The White House said the quiet part out loud in Sept. ’22 by signaling a desire “to limit or eliminate” Bitcoin mining,” he remarked, citing a document which reveals the true agenda. […] Now they want Bitcoin miners to dox their power providers so the Dept. of ENERGY can tell them to stop working together. Operation Chokepoint 3.0?

Notably, the White House proposed in September 2022 that the Administration should “explore executive actions, and Congress might consider legislation, to limit or eliminate the use of high energy intensity consensus mechanisms for crypto-asset mining.”

Morgenstern also raises legal and constitutional concerns, suggesting that the EIA’s directive may violate several legal principles. “Other attorneys may have views, but it strikes me as potential violations of administrative procedure, paperwork reduction act, illegally compelled speech (1st Amend. means-ends, burdensome), due process (notice, penalties), & major questions doctrine (WV v.

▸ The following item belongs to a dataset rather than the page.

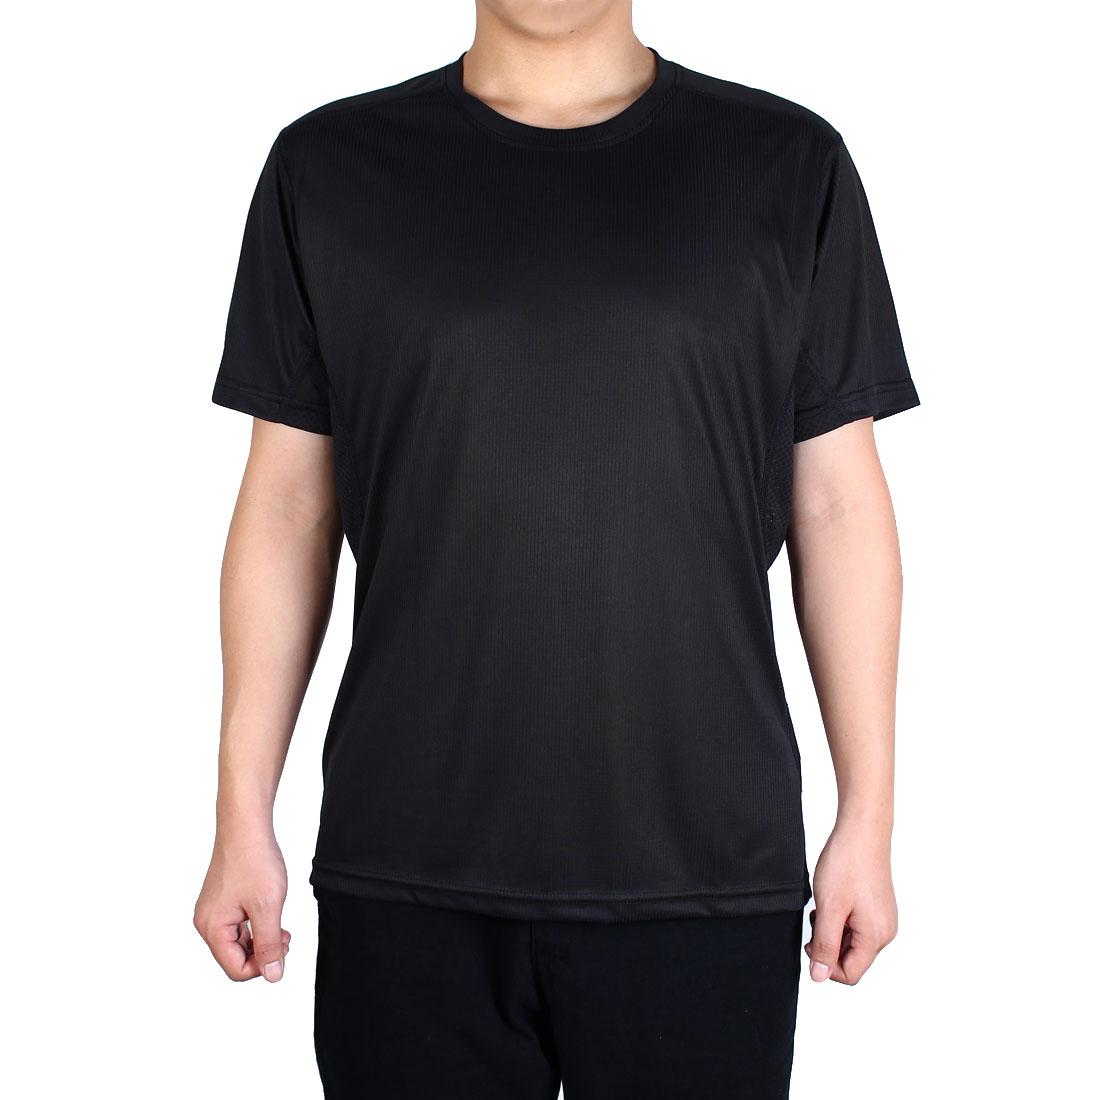 Adult Men Short Sleeve Clothes Casual Wear Tee Running Sports T-shirt Black L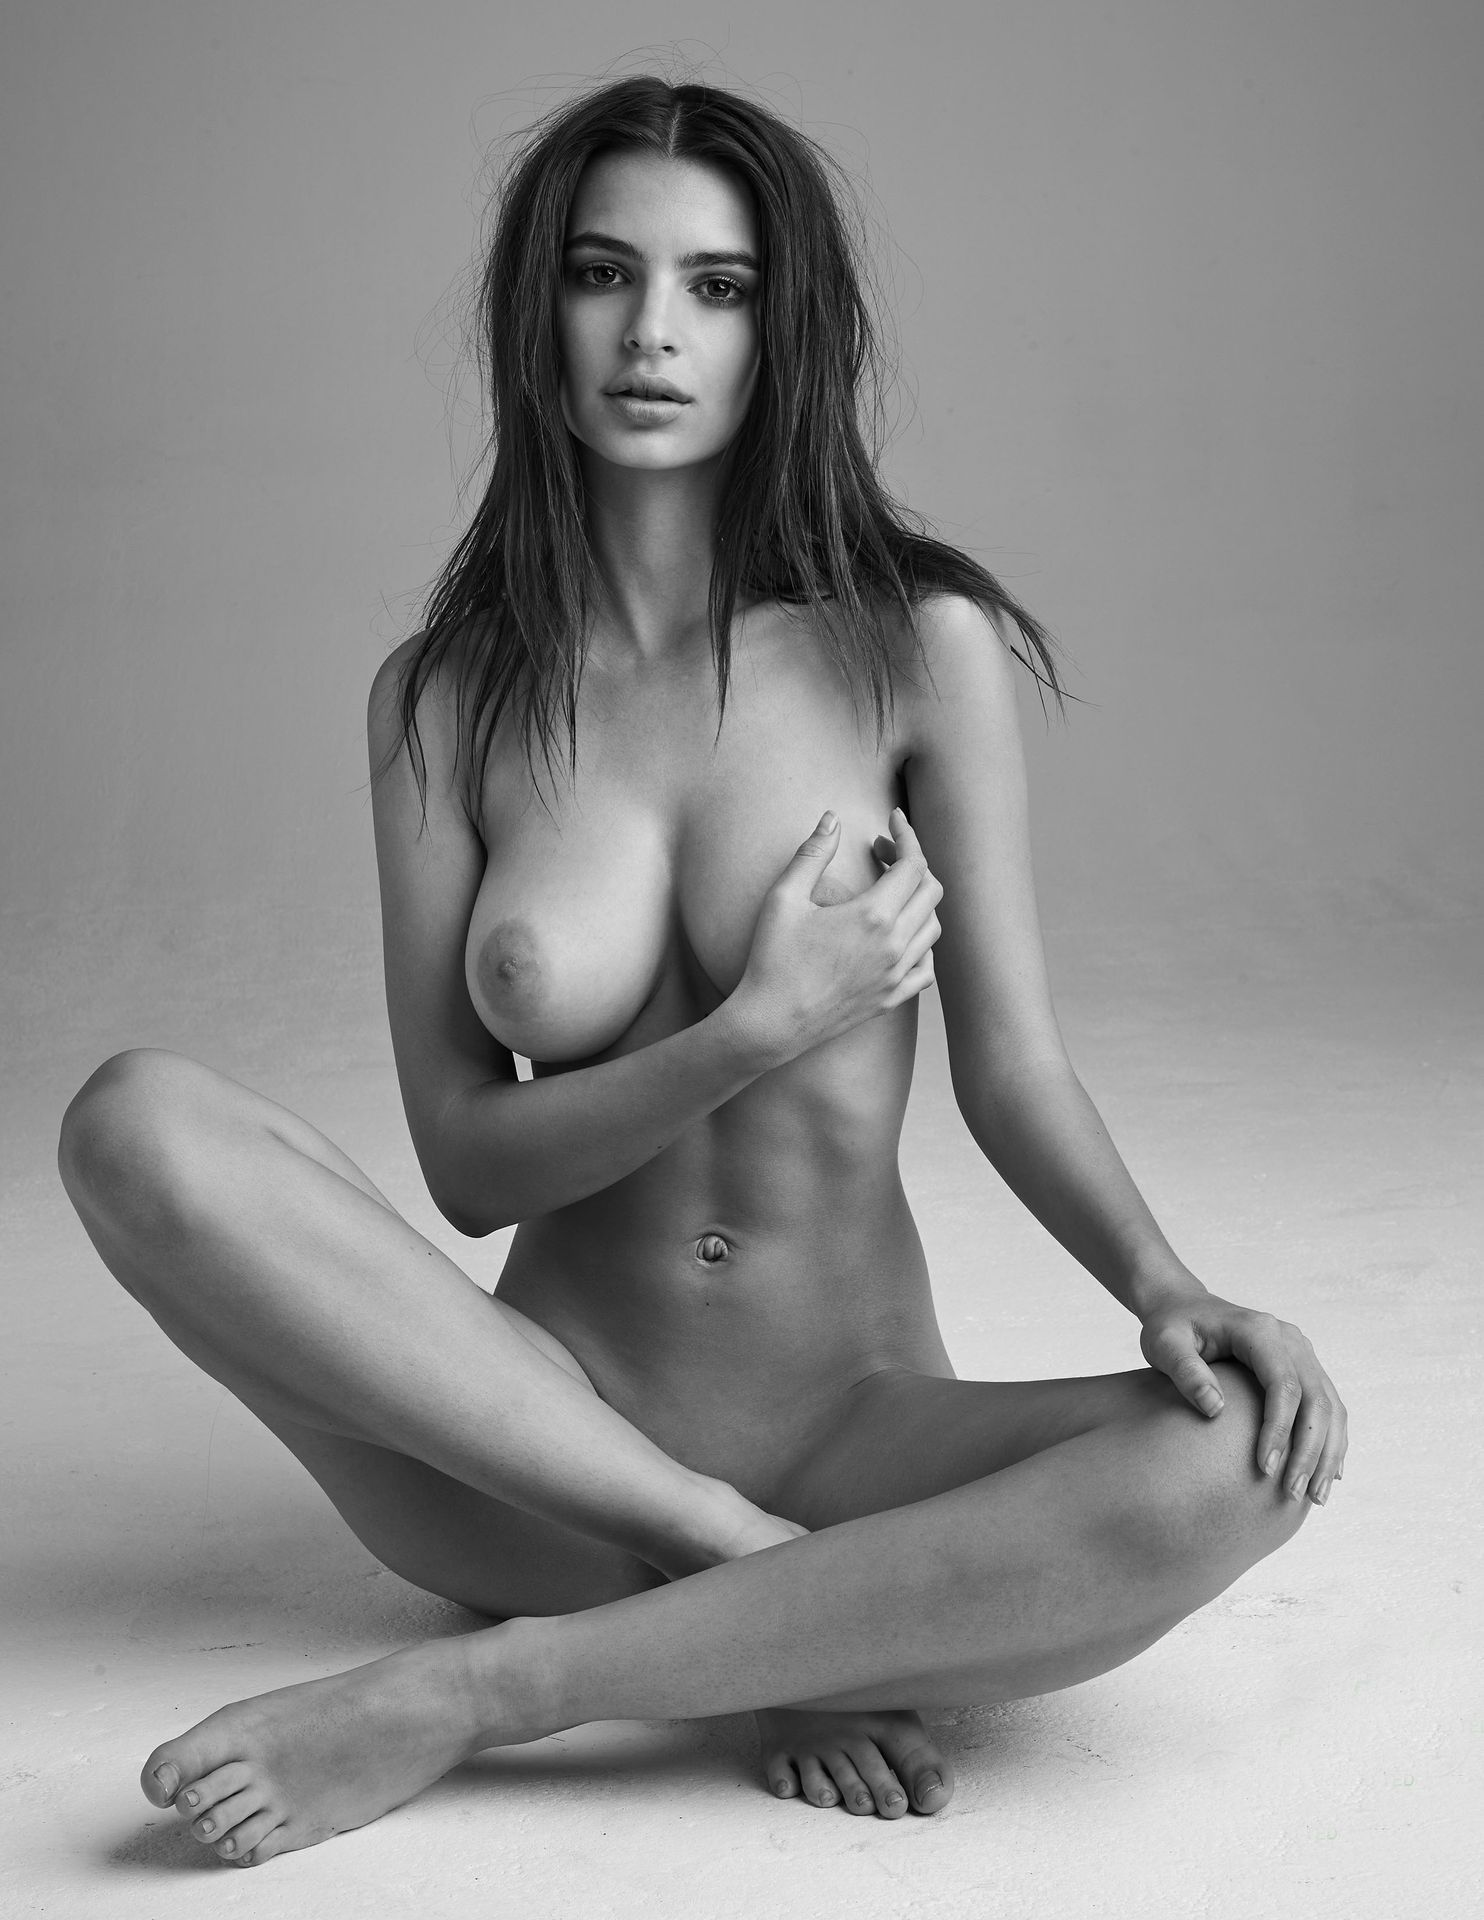 Emily-Ratajkowski-Nude-3-thefappeningblog.com_.jpg

EPA).”

He connects these potential violations to broader actions by the administration, such as the SEC’s approach to crypto regulation, which he characterizes as “regulation by enforcement.” He concluded:

How can we forget that The White House proposed a THIRTY PERCENT tax on electricity use by specific users, while saying they want to increase access to … electricity … for all Americans?!?! I feel like I’m taking crazy pills.

At press time, BTC traded at $42,867.